El teórico de arte húngaro publica, en Galaxia Gutenberg, un libro espléndido donde rastrea la presencia de este sentimiento en las artes y se mantiene en el ser humano "obstinadamente, lo cual por sí solo nos señala que se trata de algo que se nutre de las raíces de nuestra cultura”

Presentación WMagazín A pesar de los siglos y la evolución y progresos, el ser humano no puede liberarse de la melancolía. Parece atado a ella en su viaje. O, ¿acaso, aunque parezca contradictorio, es un mecanismo innato para seguir adelante? La melancolía “se mantiene obstinadamente, lo cual por sí solo nos señala que se trata de algo que se nutre de las raíces de nuestra cultura”, afirma László Földényi (1952). El intelectual y teórico del arte húngaro lo relata en el magnífico libro Elogio de la melancolía (Galaxia Gutenberg). Un tema que estudia desde hace cuatro décadas en sus formas de vivir y pensar, pero que aquí redondea de manera original y bella al ayudar a comprender al ser humano en esa compañía, al tiempo que ahonda en su misterio: la manera cómo la melancolía se hace visible y cobra vida a través de la pintura, de la música, de la arquitectura, del cine, de la literatura contemporáneas.

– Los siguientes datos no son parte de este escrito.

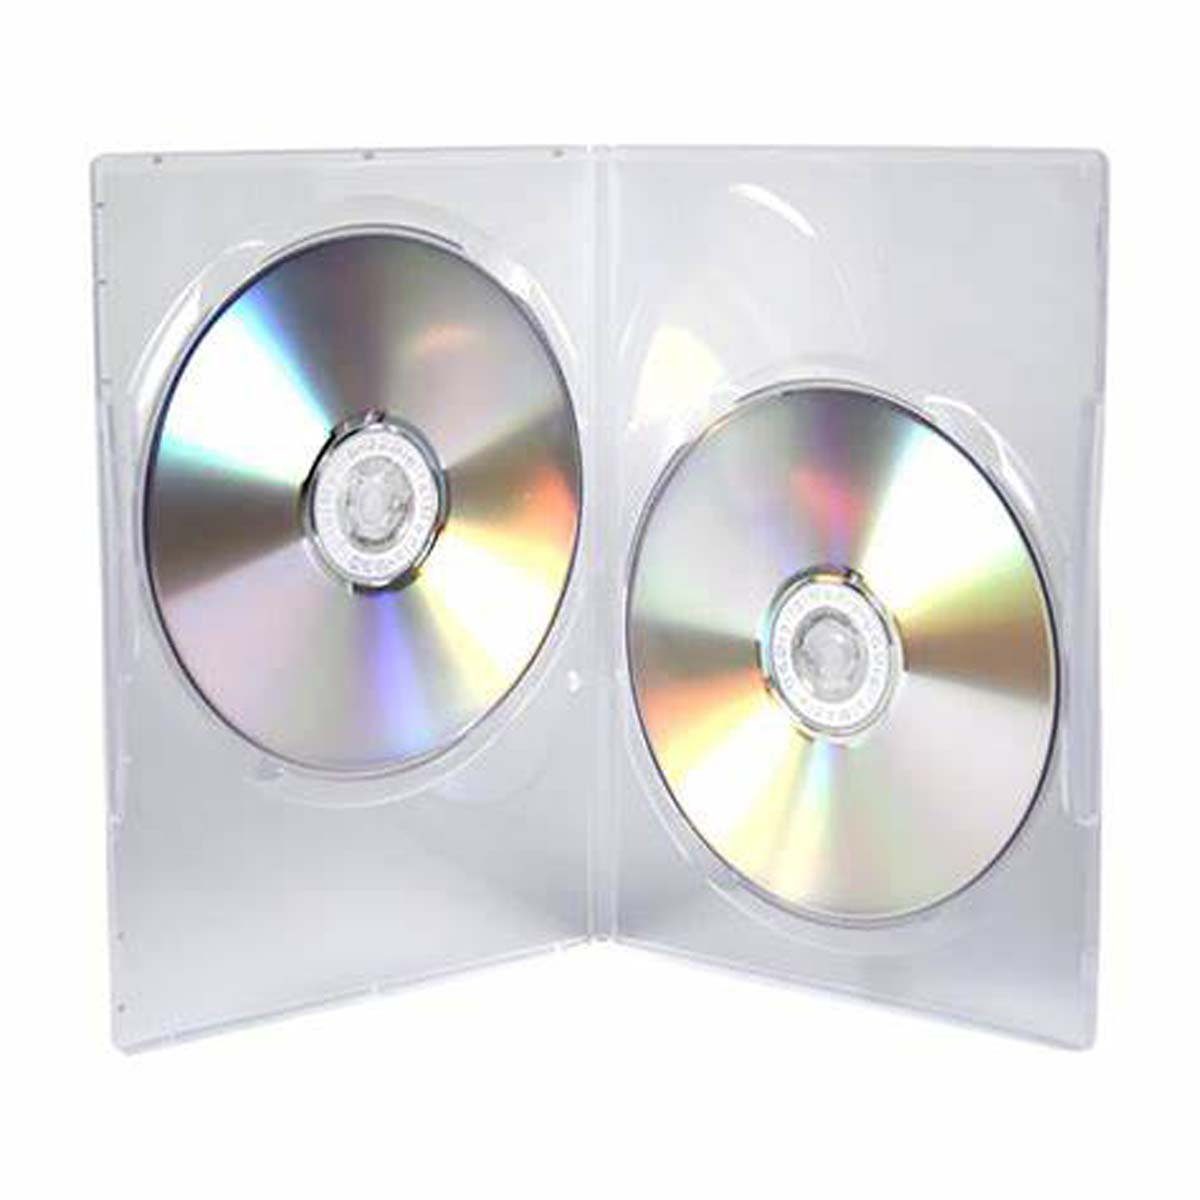 Vivanco CD-Hülle, 10 CD/DVD Slim Pack

La melancolía como eterno compañero de viaje que en esta época se enseñorea en un mundo que despliega incertidumbres. Una era de avances y desencantos por igual.

Pocas emociones, como la melancolía, llevan dentro tantos sentimientos diversos y contradictorios latiendo a la vez y pugnando por reinar. Como un ecualizador de música que modula las frecuencias y la intensidad de los tonos.

WMagazín publica un avance de este ensayo en el que László Földényi expresa sus tesis sobre este sentimiento que anida en todas las personas y que siempre está a punto de poseerlas ante un pensamiento, un recuerdo, una visión, un sonido, una esperanza, una reflexión. Rastrea un sentimiento “que puede aparecer por cualquier parte. No solo en el desánimo, sino también en el entusiasmo; no solo en la tristeza o en el tedio, sino también en la alegría y el arrobo. Incluso en los sentimientos más opuestos. De lo cual se deduce que es más que mero sentimiento”.

Tras unos luminosos capítulos teóricos sobre la melancolía, Földényi se adentra en el arte de Kiefer, Beuys, Richter, Viola, Bacon, Hopper, Klee, Oteiza, Jovánovics; el cine de Kubrick, la arquitectura de Peter Zumthor, la literatura de Sebald. Todos ellos sirven al autor para analizar al melancólico, ese ser “sensible a lo insoluble e inexplicable, a cuanto se opone a las explicaciones racionales del mundo. Y que no considera lo desconocido algo que tarde o temprano se puede averiguar con los conocimientos adecuados, sino el centro más profundo de la existencia y del pensamiento humanos”.

El intelectual húngaro László Földényi. /Foto cortesía Galaxia Gutenberg

Elogio de la melancolía obtuvo el Premio del Libro de Leipzig para la Comprensión Europea. László Földényi exploró en sus libros anteriores las distintas maneras de vivir y pensar “esa vaga e intensa propensión a la tristeza llamada melancolía” en el Renacimiento, el romanticismo, la tragedia griega y el teatro del absurdo, o en la música de Bach y de Wagner.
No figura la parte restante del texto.